The documents commonly produced and executed on signing in a private company share
• Certificate issued by the relevant authority evidencing the existence of the parties.
• Evidence of payment of annual franchise tax.
• Secretarial certificate confirming the shareholding of the company.
Copy of the resolution of the board of directors of the buyer authorising the purchase of the shares and the transactions contemplated by the share purchase agreement, certified by the secretary of the company as validly adopted and in full force and effect.
Written resignations signed by each officer and director of the company, including revocation of all powers of attorneys granted to them by the company.
Shareholders' resolution accepting resignations of directors and officers, and appointing new directors and officers, and registered agents, when applicable.
Copy of the resolution adopted by the seller's shareholders authorising the sale of the shares and the transactions contemplated by the share purchase agreement, certified by the secretary of the company as validly adopted and in full force and effect.
Written confirmation that none of the warranties set out in share purchase agreement have been breached.
Articles of incorporation of the company and any amendments to them.
Financial statements up to the year before the sale.
Purchase and sale agreement.
Evidence of the identity and authority of the parties.
Legal opinion of counsel in the parties' jurisdiction of incorporation confirming their legal capacity and authority.

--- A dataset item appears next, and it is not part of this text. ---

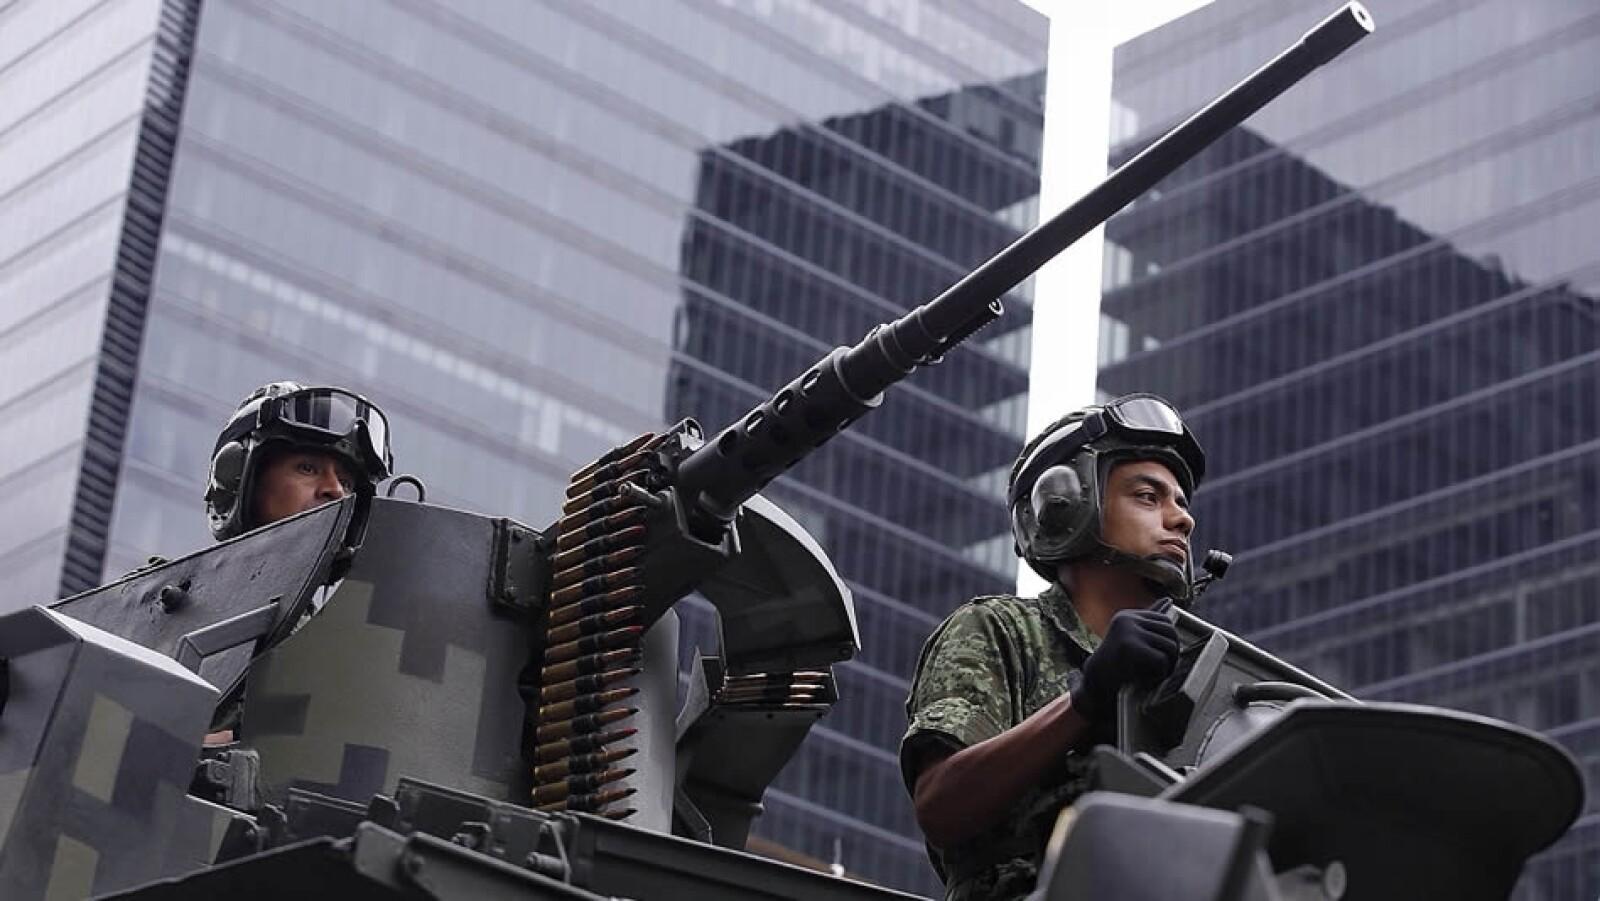 Elementos del ejército mexicano exhibiendo su artillería en la Ciudad de México

The documents are commonly produced and executed at closing in a private company share sale are:
Certificate(s) representing the shares, duly endorsed in the name of the buyer by the seller.
Updated register of shares evidencing the share transfer.
Delivery of endorsed share certificates is not required for asset sales. Instead, a deed
of title for the assets, together with tax clearance certificates and insurances policies if applicable, must be produced in addition to the sale and purchase agreement.